Friday, June 3, 2011

Parts is Parts


“Only the adult blocks free expression by separating the parts from the whole. The child says “I run,” “I jump,” “I sing,” not “I am toeing out,” “my shoulders are back,” “I walk on the balls of my feet," until the adult has split his attention, making details the focus.” 

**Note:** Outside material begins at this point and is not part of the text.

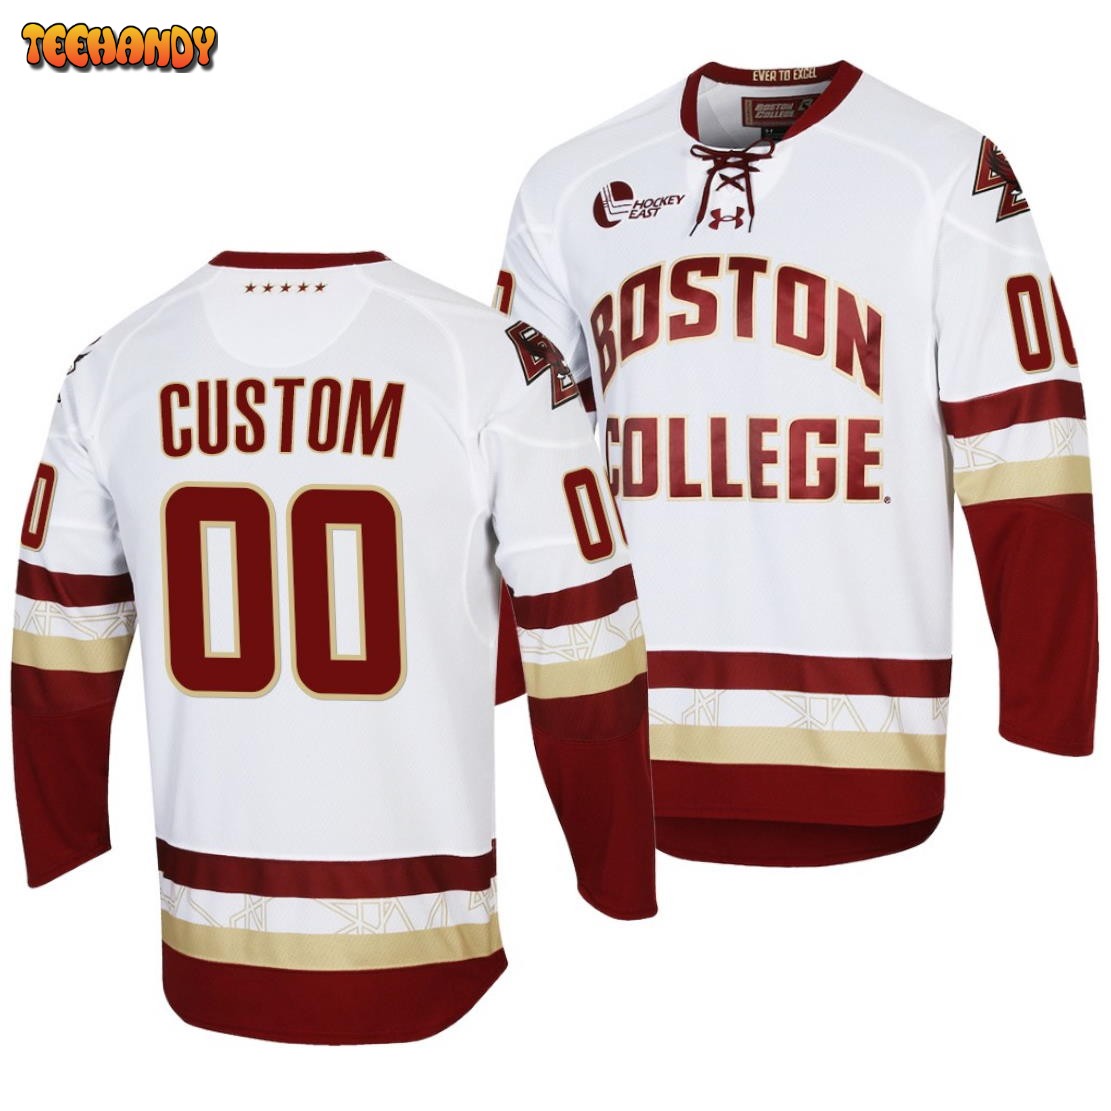 Boston College Eagles Custom College Hockey White Replica Jersey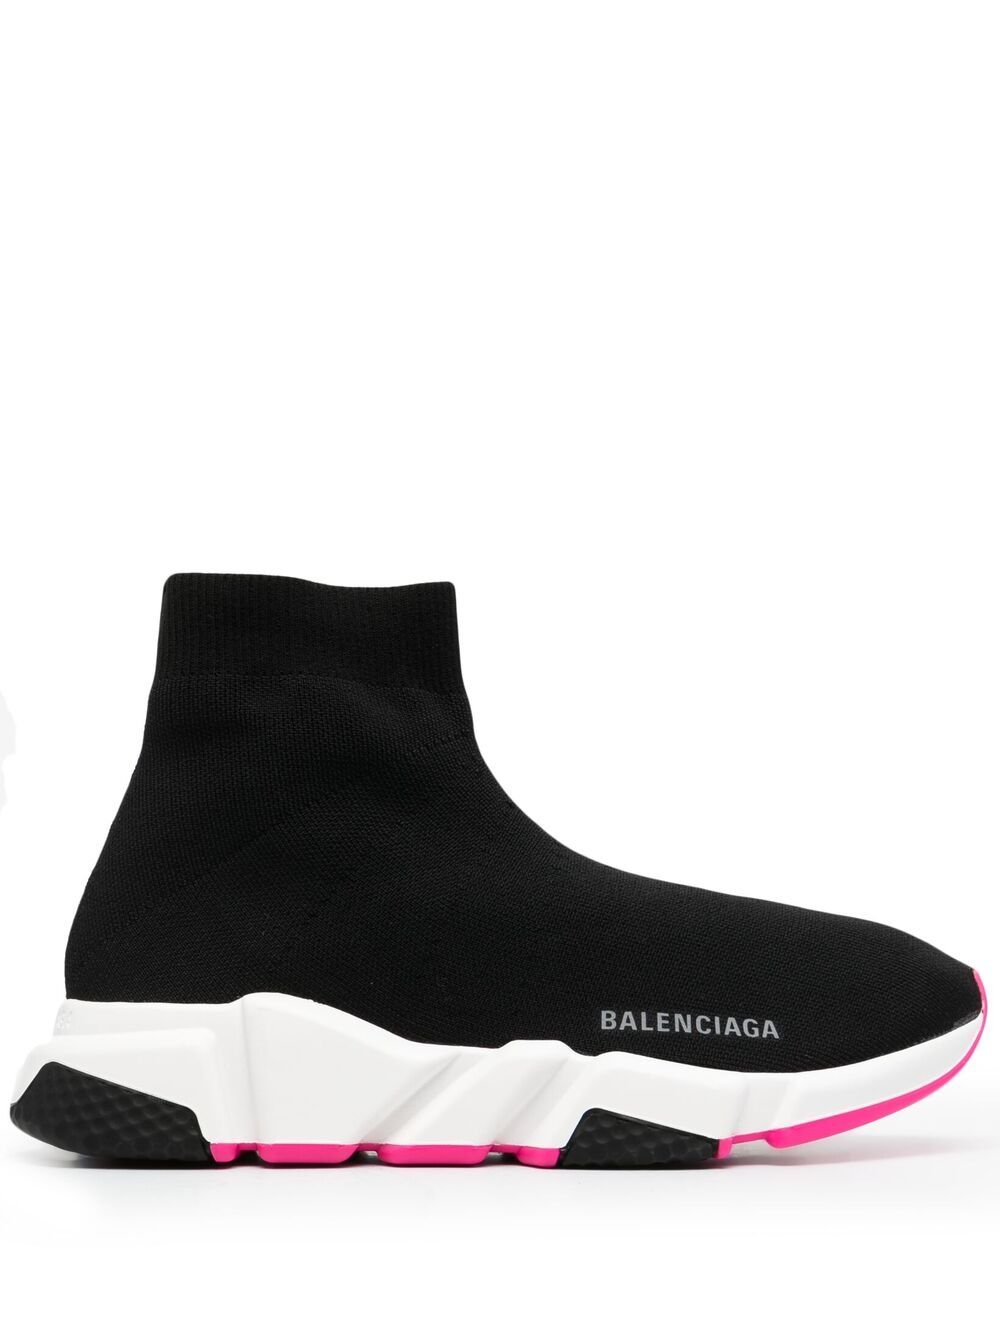 Speed Sneakers дамски обувки Balenciaga 842355696_37

--- Mabel Ellsworth Todd, The Thinking Body, pg 281

Ok, the alignment thing never ends with me. Maybe it's because I'm teaching alignment right now, so it's quite in the forefront of my mind. Today yoga asanas seem to have become a series of 3-5 cues about where the feet, pelvis, arms, and focus go. So students learn the poses as a series of cues, instead of having their initial experience of the pose be from the essence, or energetic of the pose. The whole of the pose. The Whole. Trikonsansa. What are you? When I ask my students "who are you in this pose? What are you saying in this pose? What is the "personality" of this pose?" it's almost as if they have no idea what I'm talking about. Especially when they keep asking me where their hips go or what they are "supposed" to look like. Sometime I think to myself "who cares - how does it feel?" "How does this pose relate to you? to your life?" And sometimes I say it. Out loud. In class. Without apology. 

So doesn't it seem that this approach is taking us away from the Whole? And isn't yoga about union - self with Self - aka the Whole. So we have dissected into parts the very vehicle (yoga asanas) that was supposed to bring us to wholeness in the first place? 

Hmmmmmmm.

There. I said it. Out loud. In a blog. Without apology.

You may wish I'd just shut up already. But I won't. Without apology. But with love.